* _WORK INSTRUCTIONS_:
Nothing but the lines from the one containing "Marmot Women's Lea Jacket - Yellow, S" to the end of the data should be copied, exactly, and the pictures stay out.

* _DATASET EXTRACT_:
------------------------------------

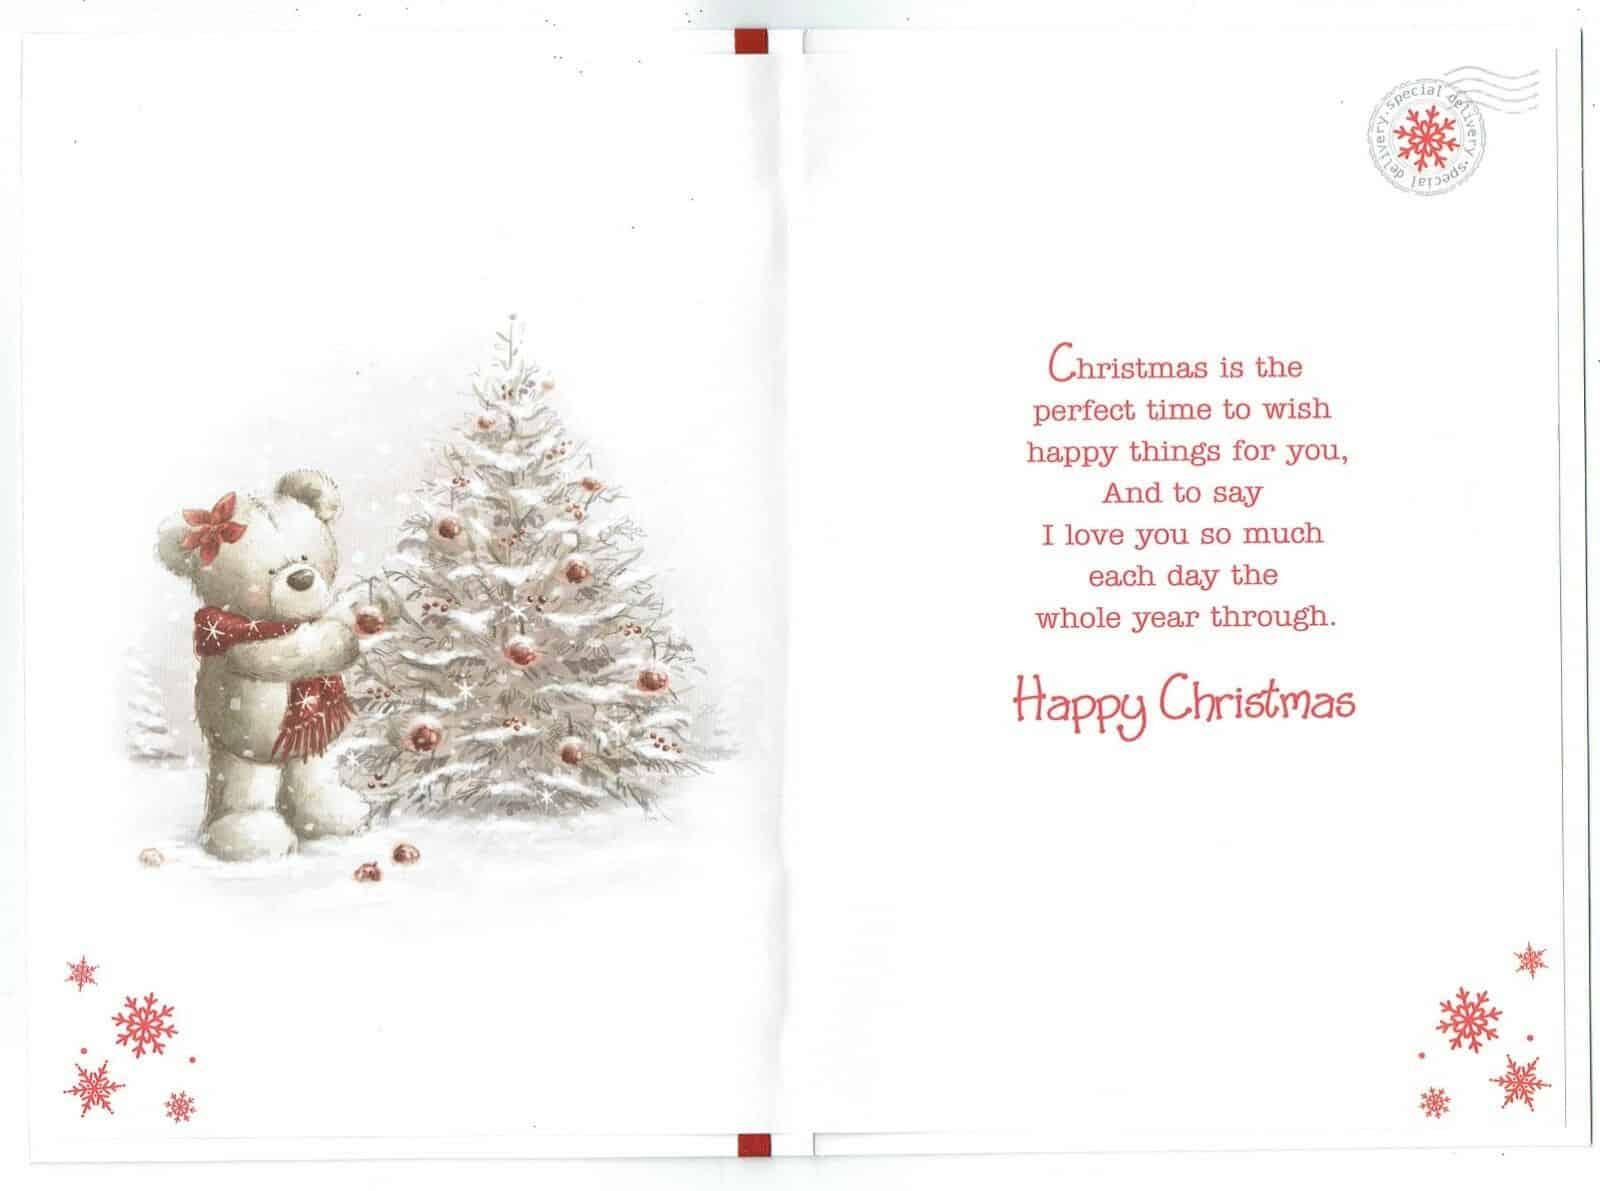 Partner Christmas Card With Festive Bears, Christmas Tree
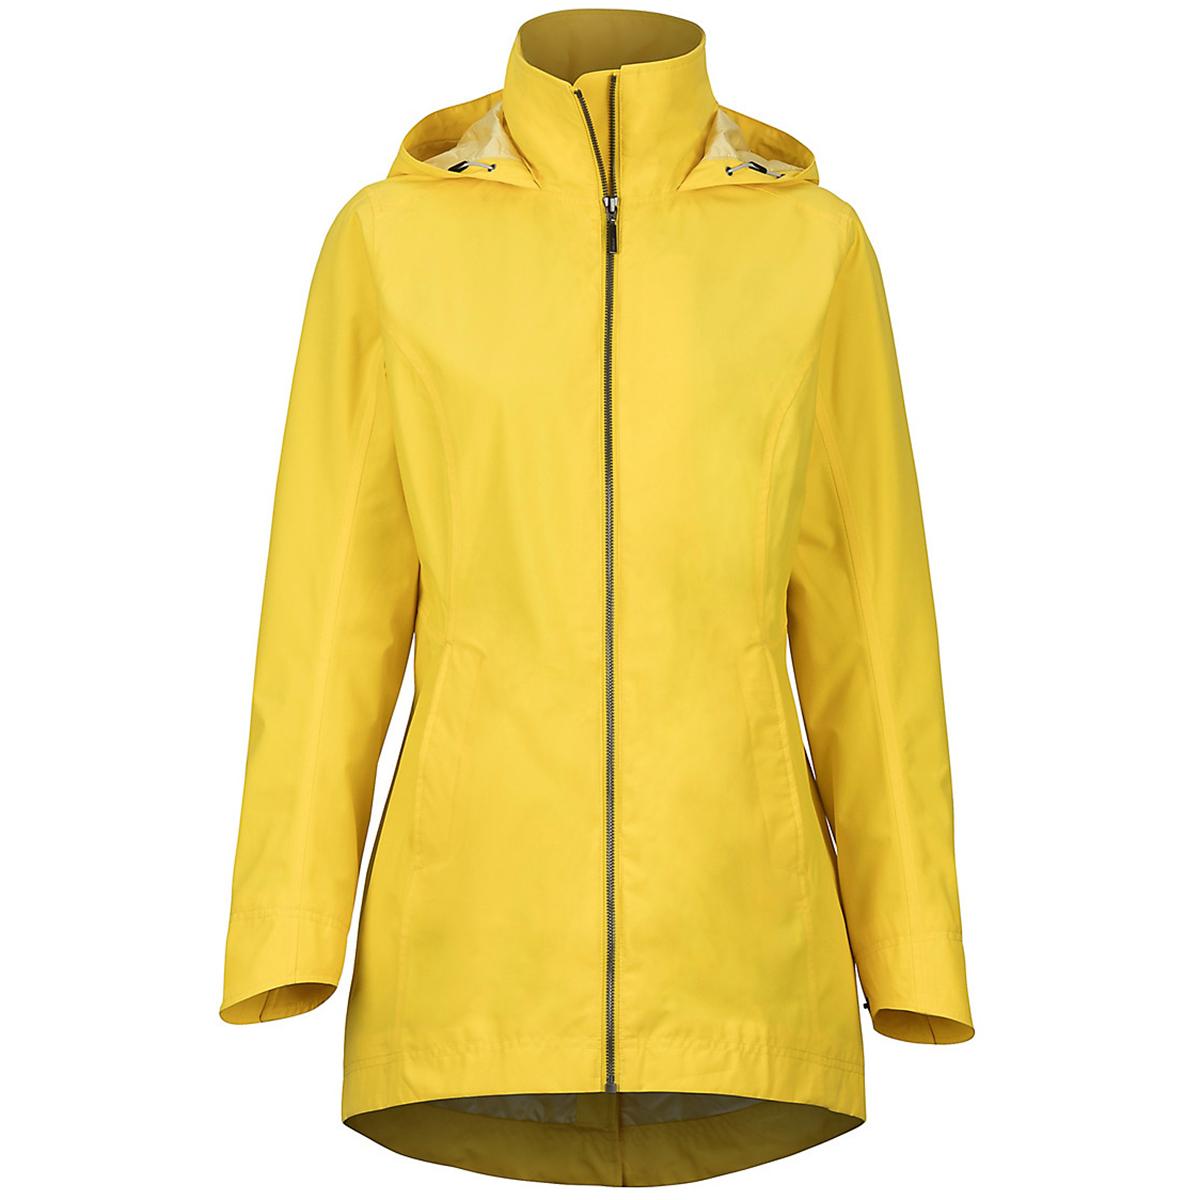 Marmot Women's Lea Jacket - Yellow, S
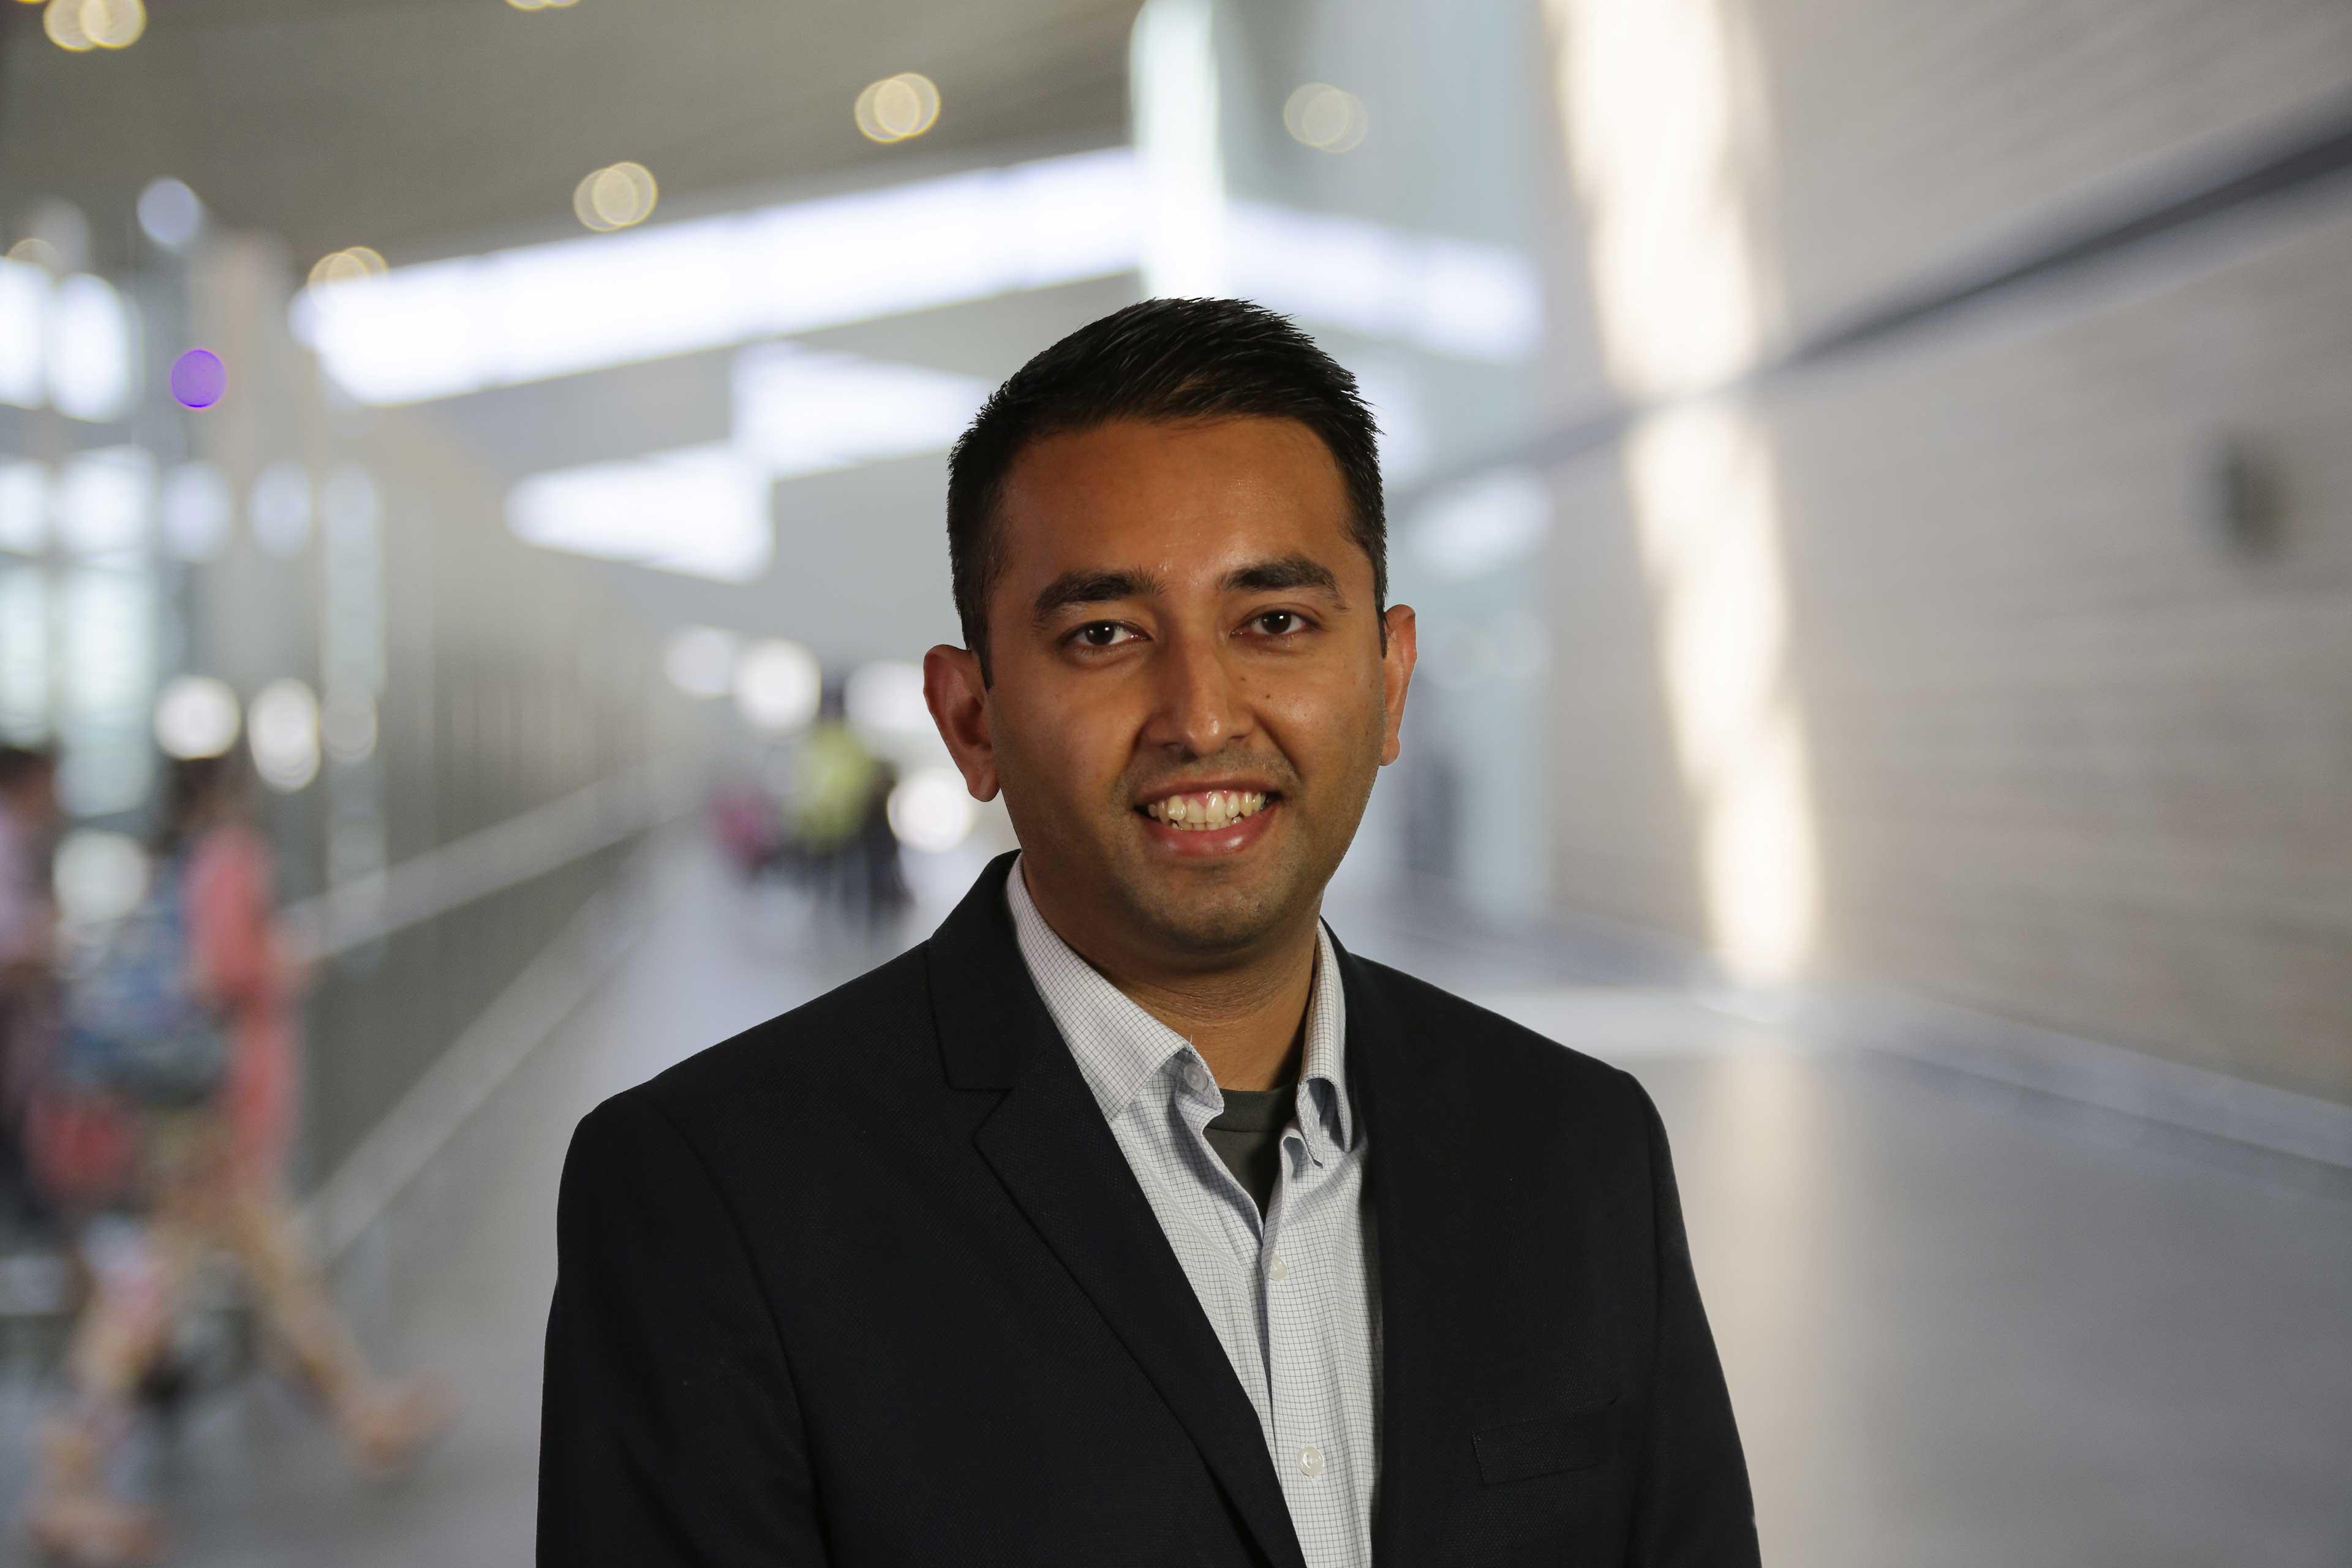 Dhruv Saxena | 2020 MW EOY judge

------------------------------------

* _RESPONSE TO THIS EXERCISE_:
 Marmot Women's Lea Jacket - Yellow, S
 Dhruv Saxena | 2020 MW EOY judge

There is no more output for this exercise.